In Lent there are glimpses of Easter joy in two feasts we call "solemnities" because of their importance: the Feast of St. Joseph and the Feast of the Annunciation. In St. Joseph's "yes" to God when he wed Our Lady despite his bewilderment at the circumstances of her pregnancy, and in the Virgin Mary's "yes" to God despite her own incomplete comprehension of what the Lord was doing, are seen the way to enter into heavenly joy on earth and know that "peace which passes all understanding." These feasts do not interrupt the tone of Lent. They keep it on course toward the goal of all living.

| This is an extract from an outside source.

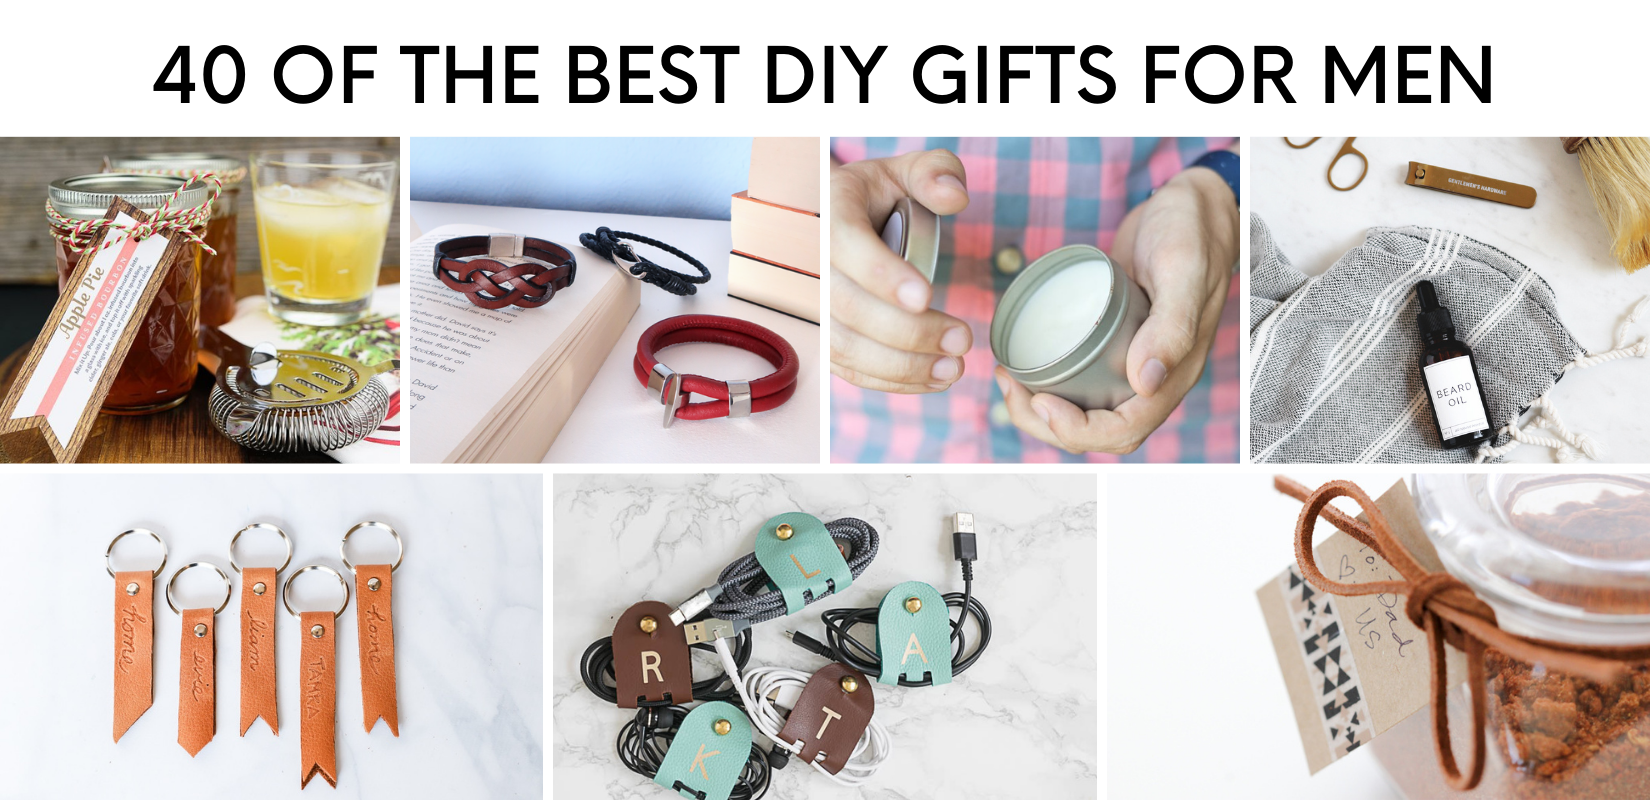 40 of the Best DIY Gifts for Men
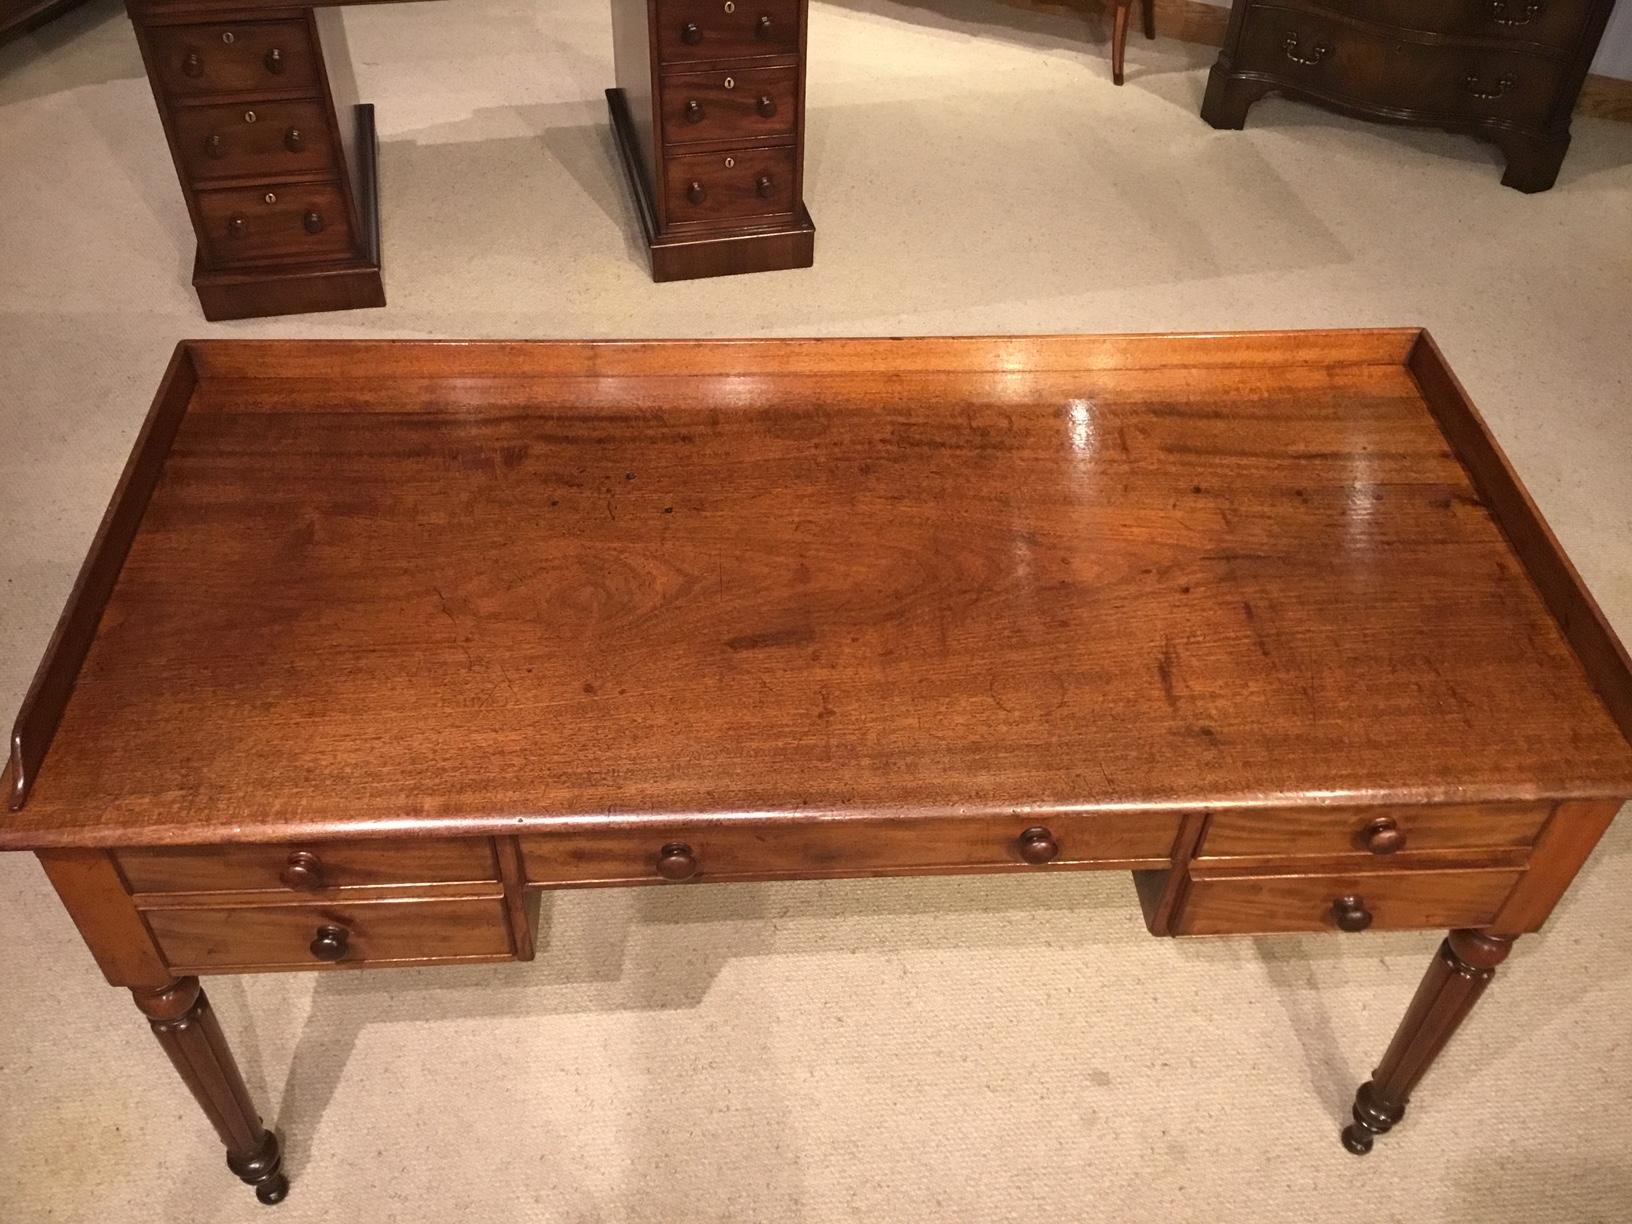 A mahogany Regency period dressing table or side table. Having a superb one piece Cuban mahogany top with a raised galleried back above an arrangement of five rectangular mahogany lined drawers, retaining their original mahogany turned knobs.

Pride complicates life, and humility simplifies it, and total humility attains spiritual perfection. Blessed Teresa of Calcutta had a formula for this: "Just give God permission." Once a soul "gives God permission" in Confession and daily mortification of selfishness, God empowers the virtues to accomplish what he wants. The sublime consummation of this is in Our Lord's own obedience to his Father at the start of his holy Agony: "Not my will but Thine be done." St. Bernardine of Siena considered how this works, with special reference to the model of St. Joseph: "There is a general rule concerning all special graces granted to any human being. Whenever the divine favor chooses someone to receive special grace, or to accept a lofty vocation, God adorns the person chosen with all the gifts of the Spirit needed to fulfill the task at hand." Dying with the ineffable consolation of Our Lord and Our Lady at his deathbed, which is why he is the patron saint of a holy death each of us prays for, St. Joseph could claim the promise which each day of Lent both anticipates and already senses: "Good and faithful servant, enter into the joy of your Lord."